Healthy male subjects between 18 and 35 years of age, both inclusive.
Body weight between 50.0 and 100.0 kg, both inclusive.
Body mass index (BMI) between 18.0 and 29.9 kg/m2, both inclusive.
Written informed consent for study participation obtained before undergoing any study specific procedures.

Exclusion criteria

Subjects at increased cardiovascular risk.
Any clinical sign or known history of atherosclerosis or thromboembolic events.

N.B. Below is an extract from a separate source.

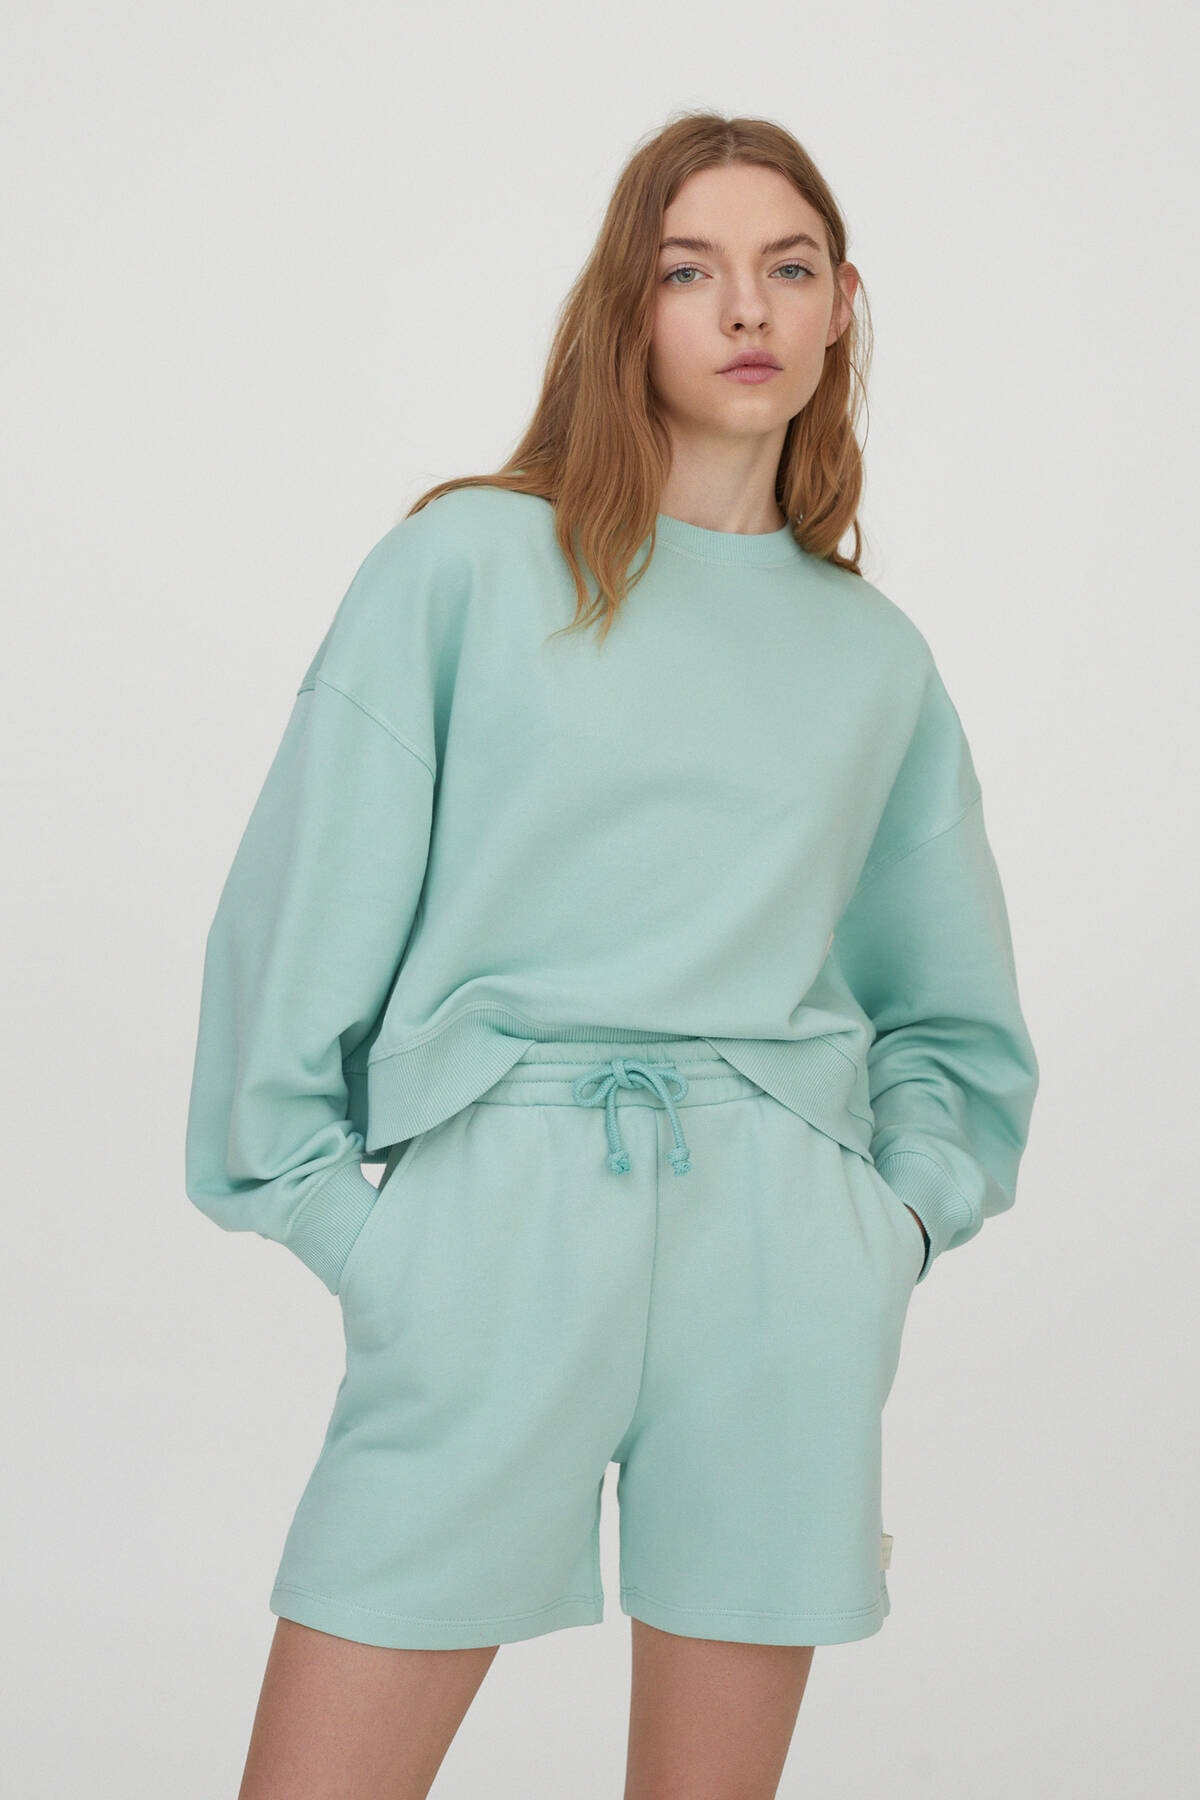 Pull & Bear Kadın Yeşil Bisiklet Yaka Pastel Renkli Sweatshirt 04591376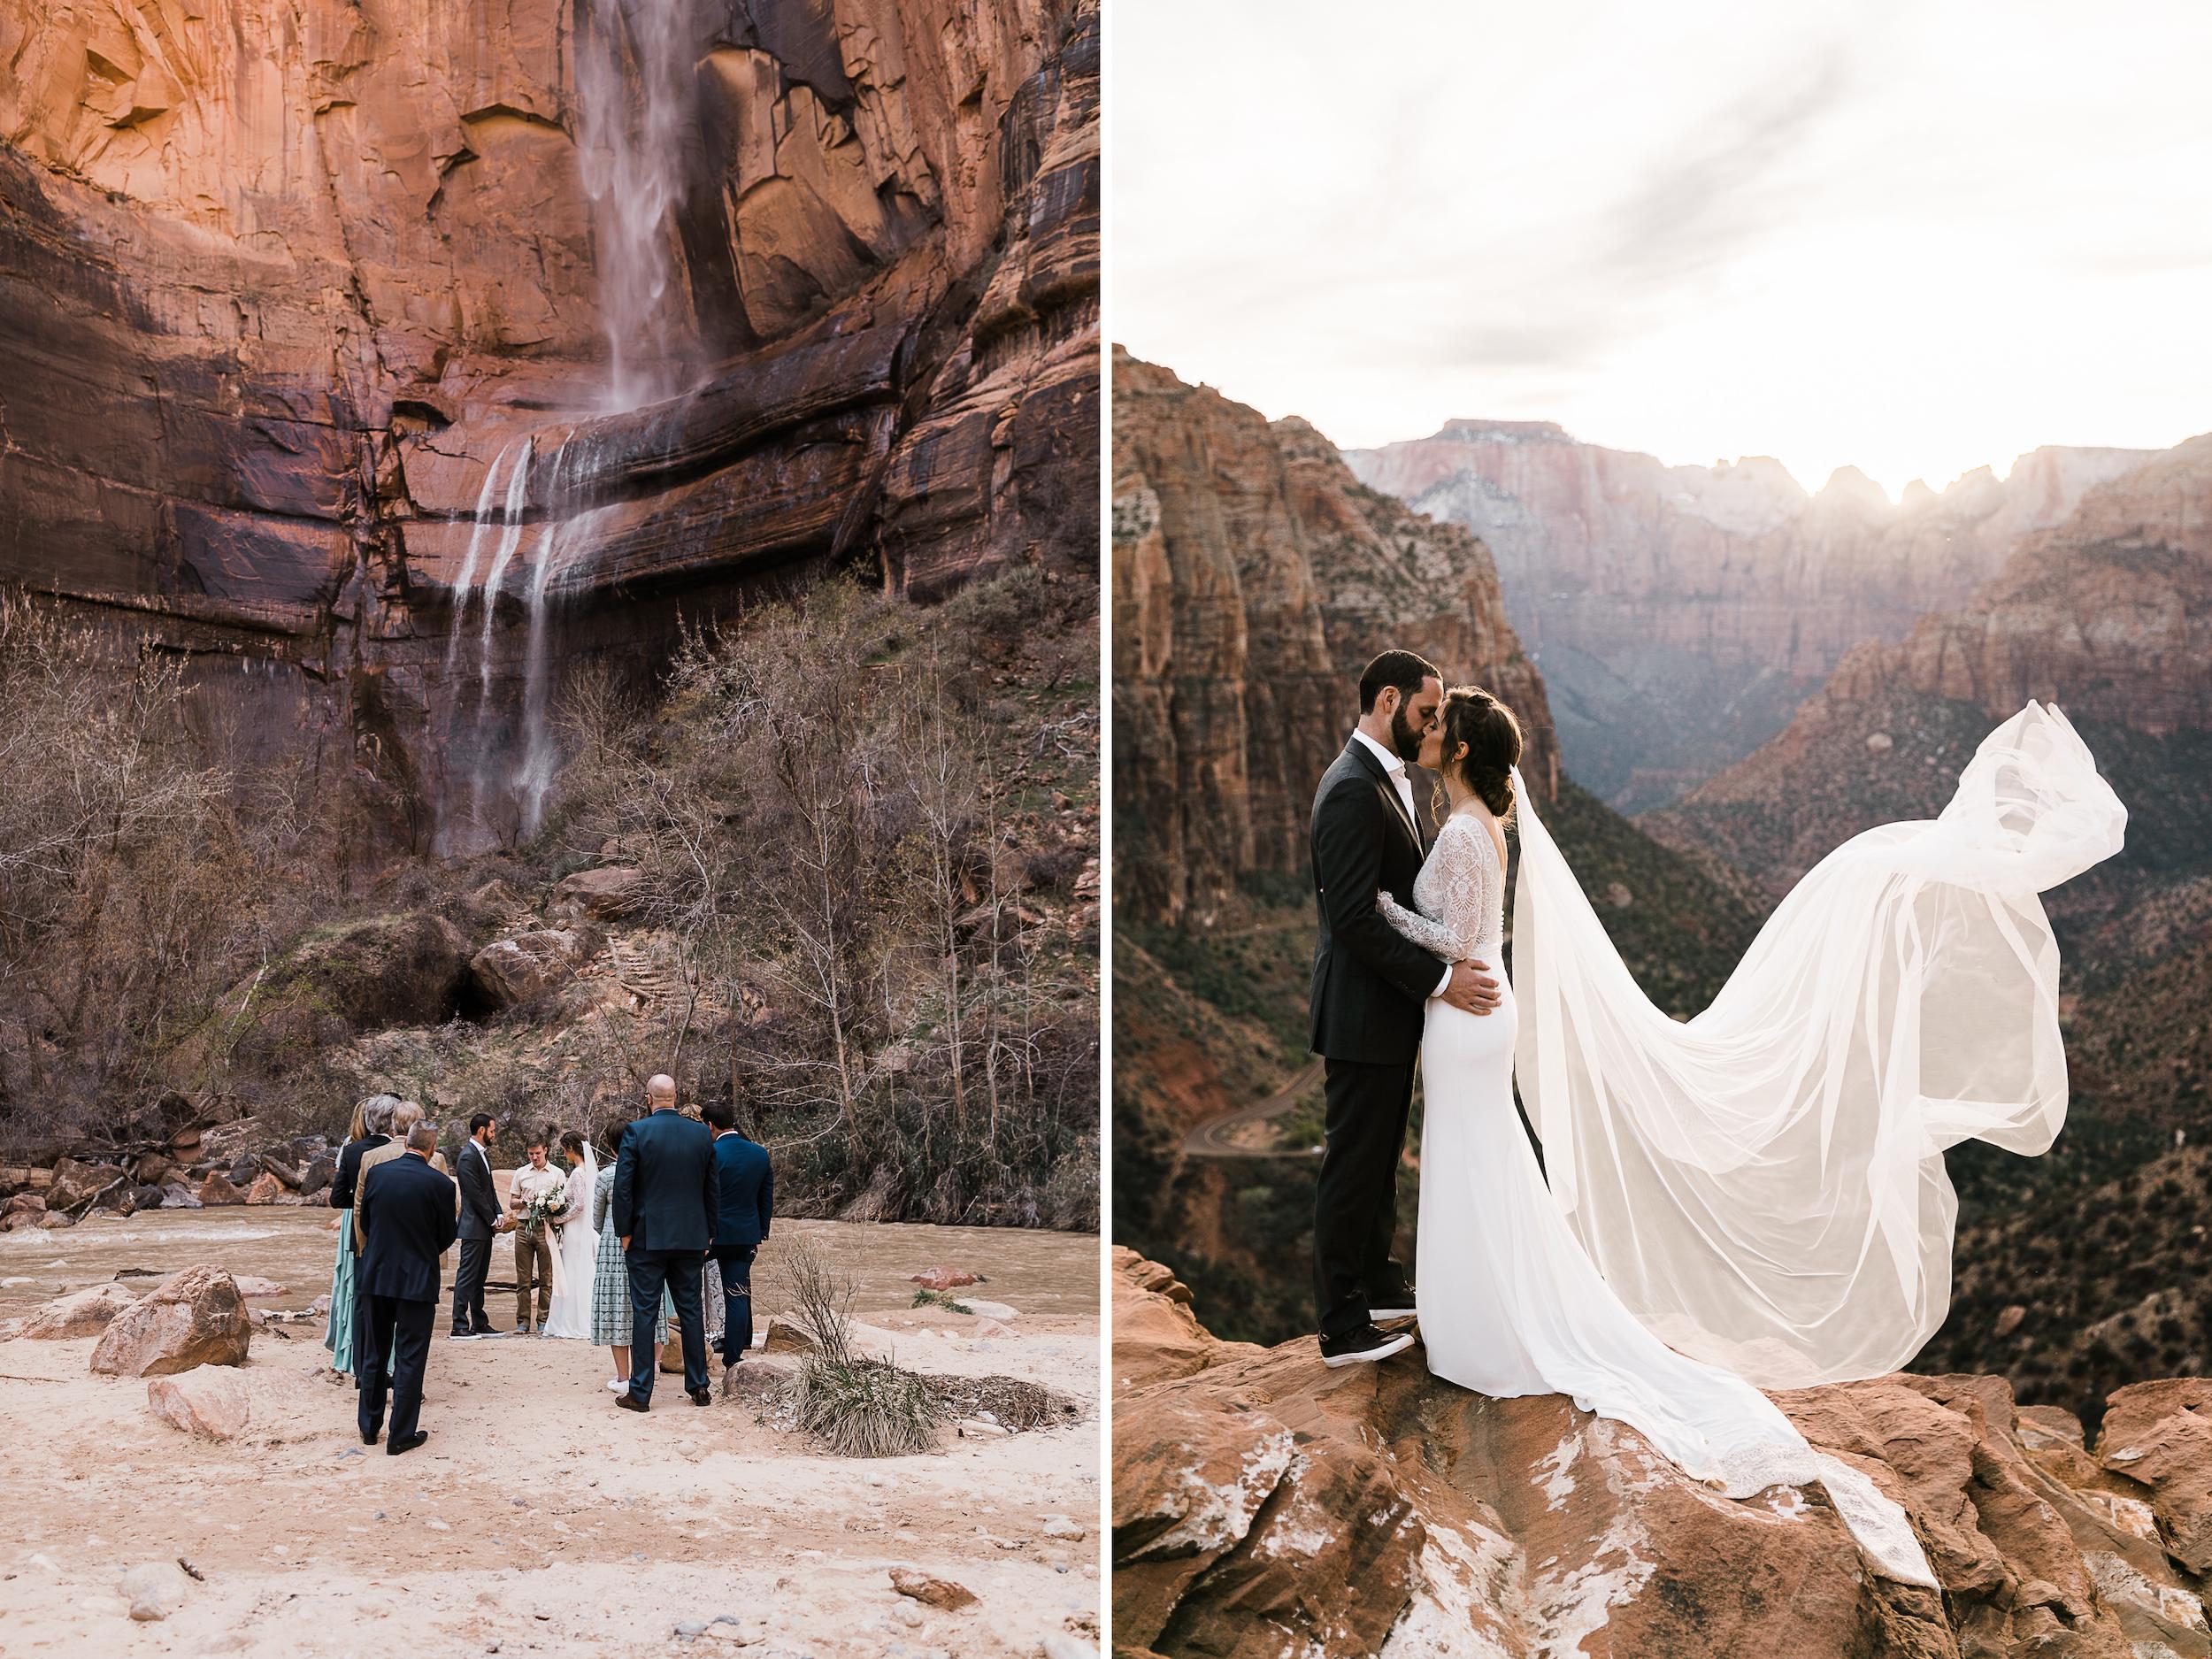 Zion-National-Park-Adventure-Wedding-Hearnes-Elopement-Photography-2.jpg

A subject considered at high risk of thromboembolic events confirmed either from history or by thrombophilia screening test.
Subjects with significant elevation of cholesterol level.
Renal dysfunction.
Overt bleeding.
Smokers with positive cotinine test at screening.
Participation in any other trial investigating a procoagulant within the last six months prior to screening.
Known or suspected hypersensitivity to the investigational medicinal product (IMP), or to any excipients of the IMP.
Contraindications to Warfarin (Coumadin®).